Migliaia di bolle aromatiche risalivano dal fondo della piccola
piscina. I cristalli vulcanici emanavano quel gentile tepore che
ben conciliava il rilassamento e scaldava al punto giusto l'acqua.
"Una vasca matrimoniale! Vi trattate bene voi Auror!"
Calvin lasciò che fossero i gesti a parlare per lui, i teneri
massaggi sulla schiena, gli abbracci rubati tra un gioco con le
bolle e l'altro, voleva che Gabe si rilassasse e dimenticasse, anche
solo per qualche ora, il suo passato e il suo futuro, in modo che
si godesse il suo presente... con lui."
"Hai sentito?" Qualcosa sembrava aver attirato l'attenzione
di Gabe a discapito di alcuni teneri baci sul lobo di un orecchio.
"Ssssssh! Non ho sentito niente..." Disse il mago sussurrando.
TUMP, TUMP, TUMP...
"Si, ho sentito dei colpi." Gabe guardò l'unica
piccola finestrella di cui era dotato il bagno in cui si trovava.
Una piccola apertura sull'esterno, situata molto in alto.

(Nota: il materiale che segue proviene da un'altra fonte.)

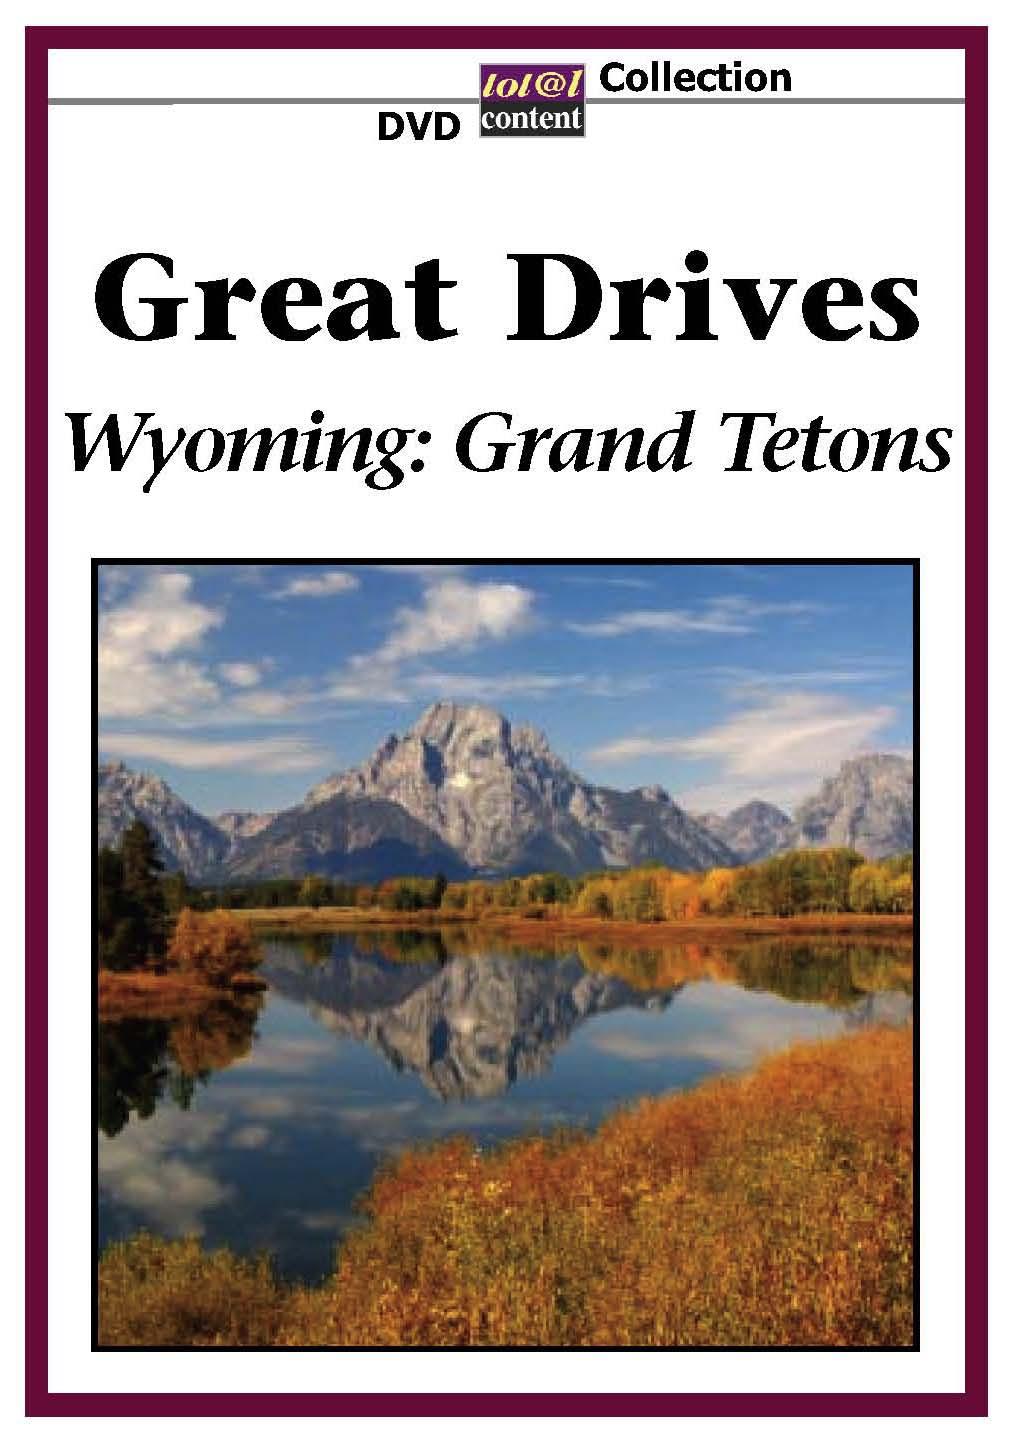 Great Drives: Wyoming - Grand Tetons

Calvin non voleva crederci. Era riuscito ad avere per sé
la sua Gabe e...
Gabe si distraeva.
"Si, guarda, lassù! C'è qualcuno che bussa a
quella finestra."
"Lascia perdere, sarà un elfo domestico in vena di scherzi."
"Ti dico che c'è qualcuno che.... " Fu in quel
momento che Gabe percepì una voce nella sua mente. Era una
voce stridula e fiera allo stesso momento, una voce che... cheideva
di entrare.
Clvin aveva sentito il rumore, ma aveva deciso di ignorarlo. Poi
aveva sentito uno stridulo verso di civetta e aveva guardato Gabe.
Gabe guardò Calvin e tutti e due esclamarono "E' una
civetta!"
Sicuramente c'era una lettera per uno di loro due.
Gabe si concentrò e chiese al mago di tacere, poi emise dei
suoni molto simili al verso appena sentito. La civetta, da dietro
la finestra, le rispose.
"Mi ha detto che è una lettera per me, spedita da Vibroso.
Sembra qualcosa d'importante."
Calvin si rassegnò. Uscì dalla vasca e si avviò
ad aprire la finestra.
*****
La magia era rotta, ormai. La lettera nelle mani di Gabe stava
gocciolando dell'acqua e del vapore che si stava condensando e tremava
seguendo il movimento incontrollato delle dita della maga.
Calvin sapeva cosa sarebbe successo, e cerco' di arginare i danni,
ma Gabe fu piu' veloce e sbotto' con una furia che neppure il mago
irlandese sapeva esistesse.
"Come si permette Garrod di farmi questo?" urlo' Gabe
appallottolando con rabbia la lettera. "L'anno scolastico passato
e' finito in maniera tragica e adesso ne stiamo per cominciare un
altro in modo ancora peggiore!"
Calvin si avvicino' a Gabe con cautela.
"Solo perche' una serie di elfi fanno sciopero, perche' DeSpion
non ha avuto remore a mettere da parte uno studente, solo perche'
c'e' da finire di costruire un castello forse troppo ambizioso,
deve rovinare la *mia vacanza*?!!" Il tono di Gabe era furioso.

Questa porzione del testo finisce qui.